= Demus Productions =

Radio production company

Demus Productions was founded in 1994, making programmes for the BBC. They are currently the biggest independent radio production house in Scotland, making around 160 programmes each year for BBC Scotland, BBC Radio 2, as well as television programmes for BBC, STV and Channel 4.

Weekly strand radio shows on BBC Radio Scotland include the (Bronze) Sony Radio Award winning Janice Forsyth Show. Radio documentaries include a six-part jazz documentary on Verve Records founder Norman Granz for Radio 2, a four-part series The Scottish Suffragettes for BBC Radio Scotland using never-before-aired audio, Return to Goose Green (a soldier-turned-Church-of-Scotland minister's pilgrimage to the Falklands), The Sandmen Of the Gulf (about the first men to drill for oil in the Middle East) and The Herb Alpert Story for Radio 2, which included a rare interview with the man himself, one of the world's most successful songwriters.

In 2007, they completed the first series of The Atrocity Machine for Channel 4Radio, a sonic tapestry that many have described as "a shocking, incoherent mess". Working with some of the best talent around today, Demus work closely with three separate teams of writers and performers, producing The Lewis Lectures (a wry look back at famous historical moments), Pythonesque live sketch show Sabotage and the dark satire of The Franz Kafka Big Band for BBC Radio Scotland.

2008 saw BBC1 Scotland transmit their observational documentary The Whisky Dream, following the re-opening of Bruichladdich an historic distillery on the remote island of Islay.

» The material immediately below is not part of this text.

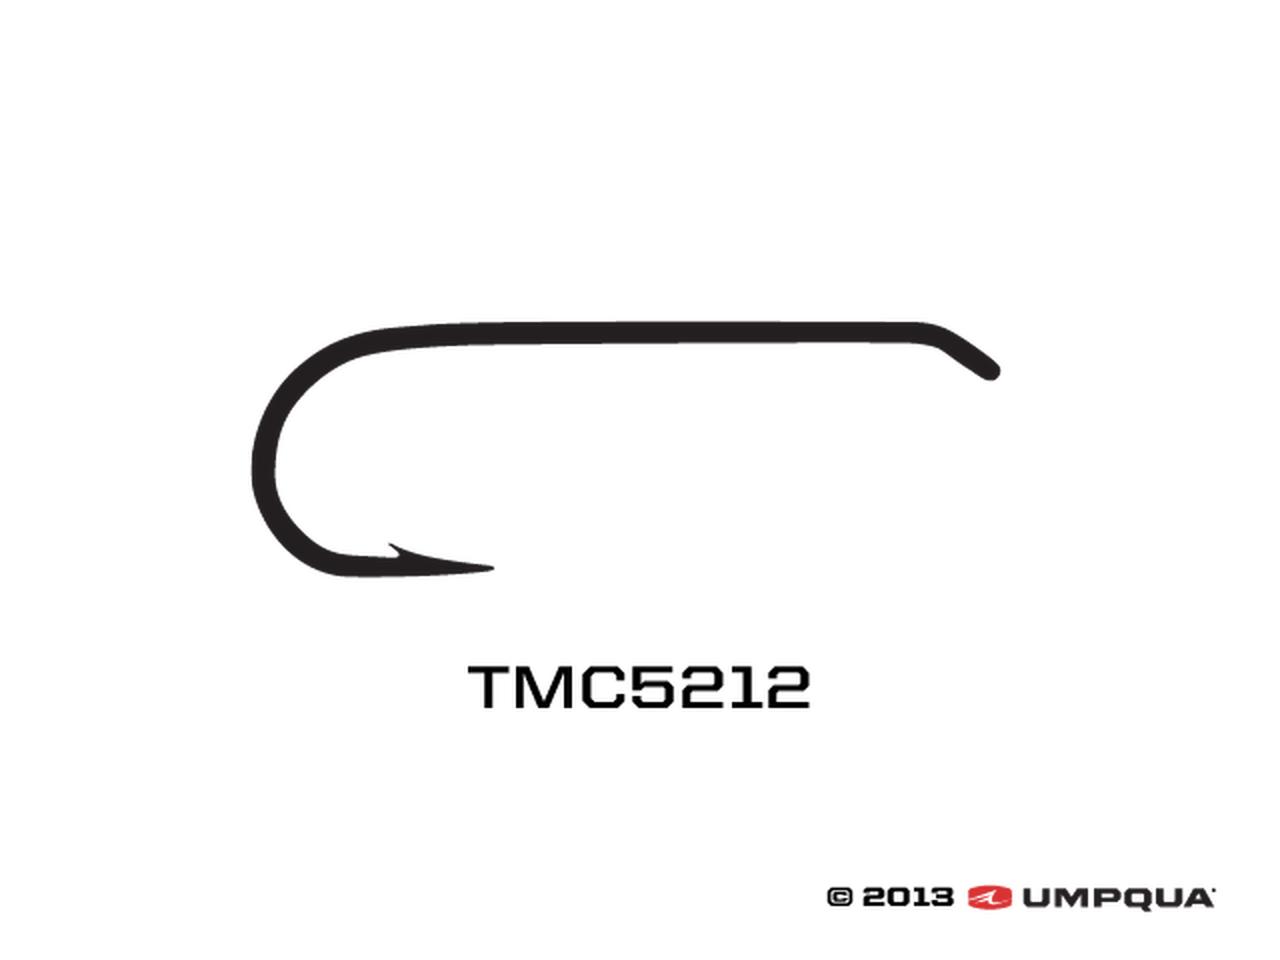 Tiemco TMC 5212

One of the biggest ratings winners has been an emotional STV documentary following the highs and lows of arguably Scotland's toughest Sunday League Football teams. Other BBC TV documentaries include Vambo Rules, the story of the singer Alex Harvey, Full Cycle, a biopic of troubled cycling genius Graeme Obree who won four world titles on a bike built from a washing machine, as well as filming soul legend Dionne Warwick for The Gospel Channel in the United States.

They have also completed two series of Proud Parents for Channel 4 Daytime (features looking at celebrities through the eyes of their parents, letting the viewer witness emotional, touching encounters). These included Amir Khan, Aggie Mackenzie (How Clean Is Your House?), motorbike world champion James Toesland, Vic Reeves, Shobna Gulati (ex Coronation Street) and Carol Vorderman, starring alongside their parents.

Demus Productions has also produced the BBC 6Music Funk & Soul Show on a Saturday evening, presented by Craig Charles for the past four years though their tender has now came to an end.